Your child being as into his or herself as you are might not sound like a bad thing at first but if it is driving them to narcissism, it could be a problem. However, that study isn’t one that we can say for certain is going to happen under all circumstances, and showing your kids how important they are isn’t necessarily a bad thing. We should however as parents teach our kids that they’re not better than the other kids around them. They need to know from a young age that everyone matters.
Elinor Greenberg Ph.D. actually touched on this topic in an article she wrote for Psychology Today and it really breaks things down well. She actually listed off four parenting ‘scenarios’ that could feed into childhood narcissism/turning a child into a narcissist that really makes a lot of sense. These scenarios being narcissistic parental values, devaluing as narcissistic parents, ‘the golden child’, and the exhibitionist’s admirer.
Some highlights from Greenberg’s article on this topic and those four scenarios goes as follows:
Scenario 1 – Narcissistic Parental Values
“Love is conditional: When you come in first in the race, win the science fair or star in the school show, you are showered with praise and attention. When you do not, you are a disappointment. Everyone in the family is supposed to be special and prove it over and over again. No matter how much you achieve, the pressure is never off. As one woman said: “When I came home with a report card with all A’s, my father asked me if anyone got an A+.”
“Children in these families do not feel stably loved. It is hard for them to enjoy anything for its own sake if it does not confer status.
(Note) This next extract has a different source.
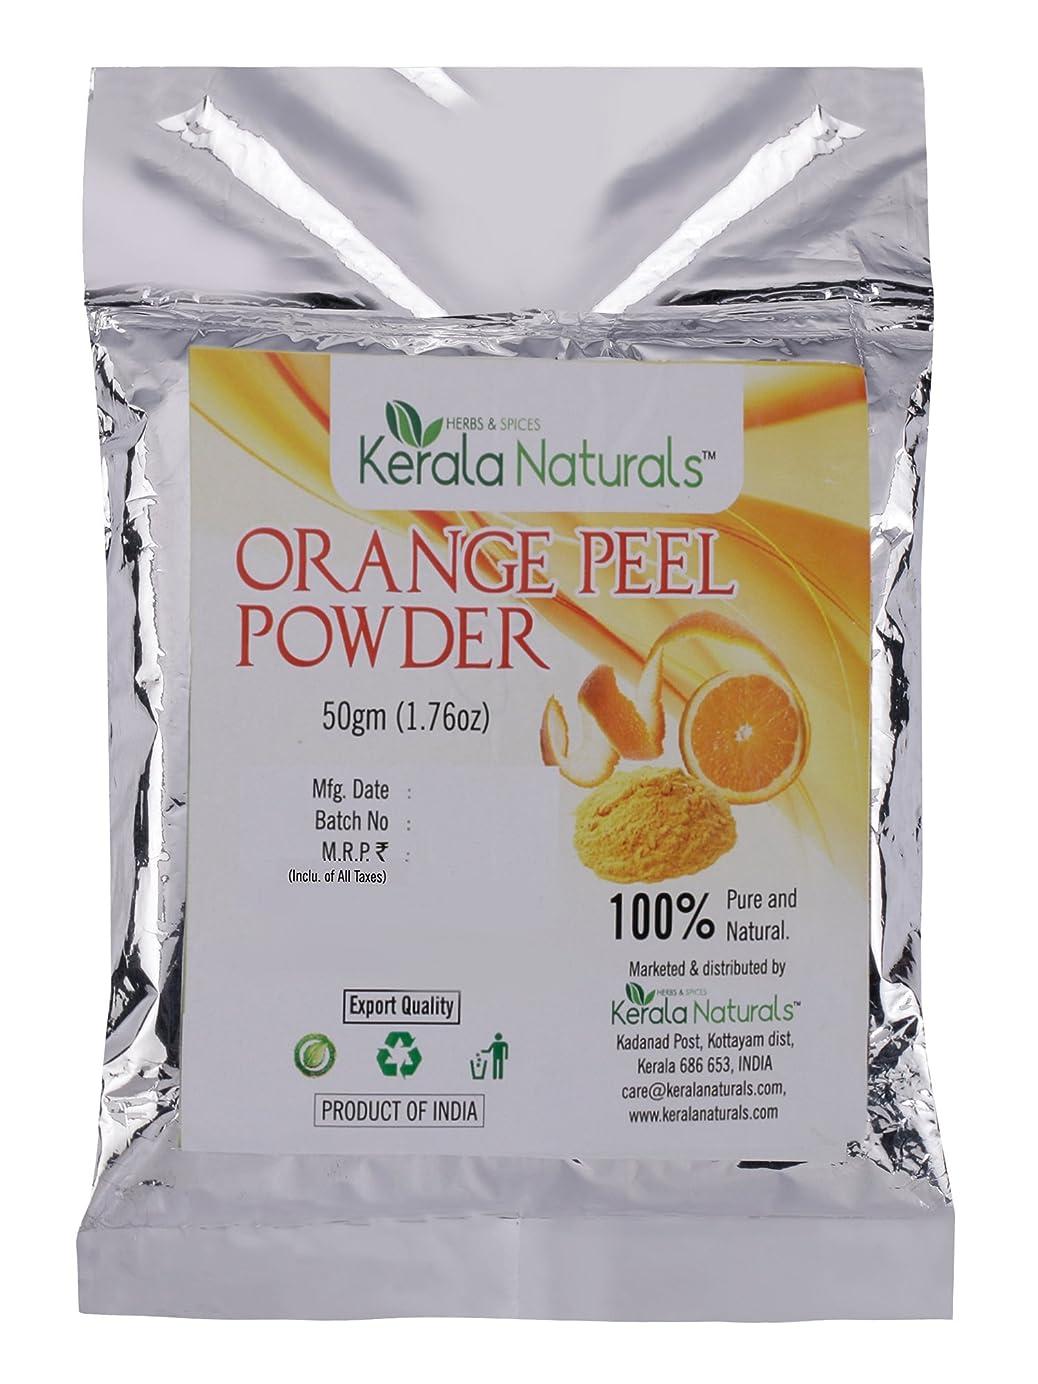 麦芽選出する集中Orange Peel Powder 150gm - Natural Pore Cleanser - Helps to eliminate blackheads, blemishes and scars with its natural citrus skin lightening properties - オレンジピールパウダー150gm-ナチュラルポアクレンザー-

Instead of being supported by their parents to explore what they like and want to do more of, they only receive support for high achievement. Their parents are not interested in their children’s “real selves,” they are mainly interested in how their children can make the family look good. They want to be able to brag to their neighbors: “Look at what my kid did!”
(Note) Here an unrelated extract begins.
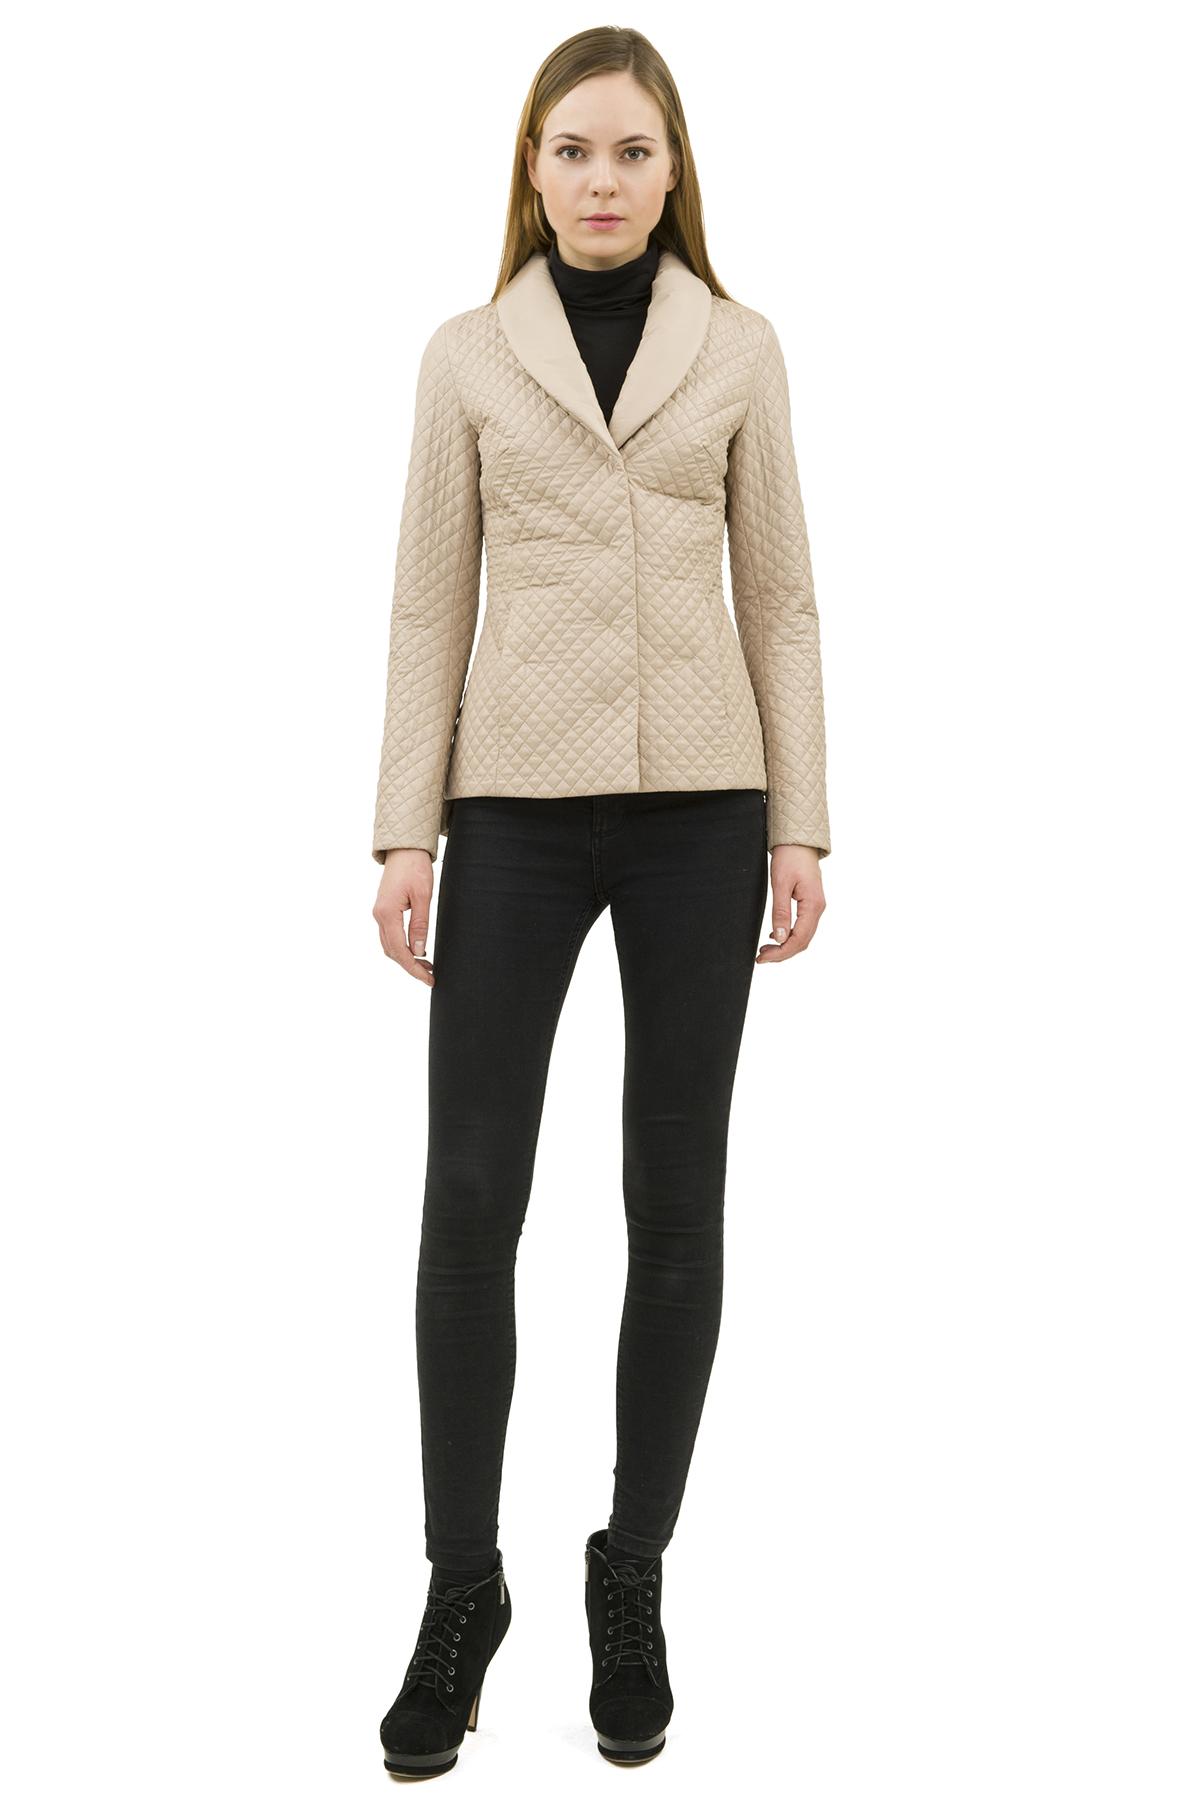 КурткаЖенские куртки, плащи, пальто<br>Стильная модель женской курткиспособна выделить Вас из общей толпы.Комфортный вариант на каждый день.<br><br>Цвет: бежевый<br>Состав: 100% полиэстер<br>Размер: 44,50<br>Страна дизайна: Россия<br>Страна производства: Россия

Scenario 2 – The Devaluing Narcissistic Parent
“If there are two or more children, the parent will praise one and devalue the others. The “good one” can quickly become the “bad one” and suddenly a different sibling is elevated. Nobody in the family feels secure and everyone spends their time trying to pacify the explosive Narcissistic parent.”
Scenario 3 – The Golden Child
“Everyone wants to be seen realistically and loved unconditionally. If children believe that their parents only value them because they are special, this can contribute to an underlying insecurity. No one wins all the time. No one is better than everyone else in every way.”
“Children who are idealized by a parent can begin to believe that they are only lovable when they are perfect and worthy of idealization.”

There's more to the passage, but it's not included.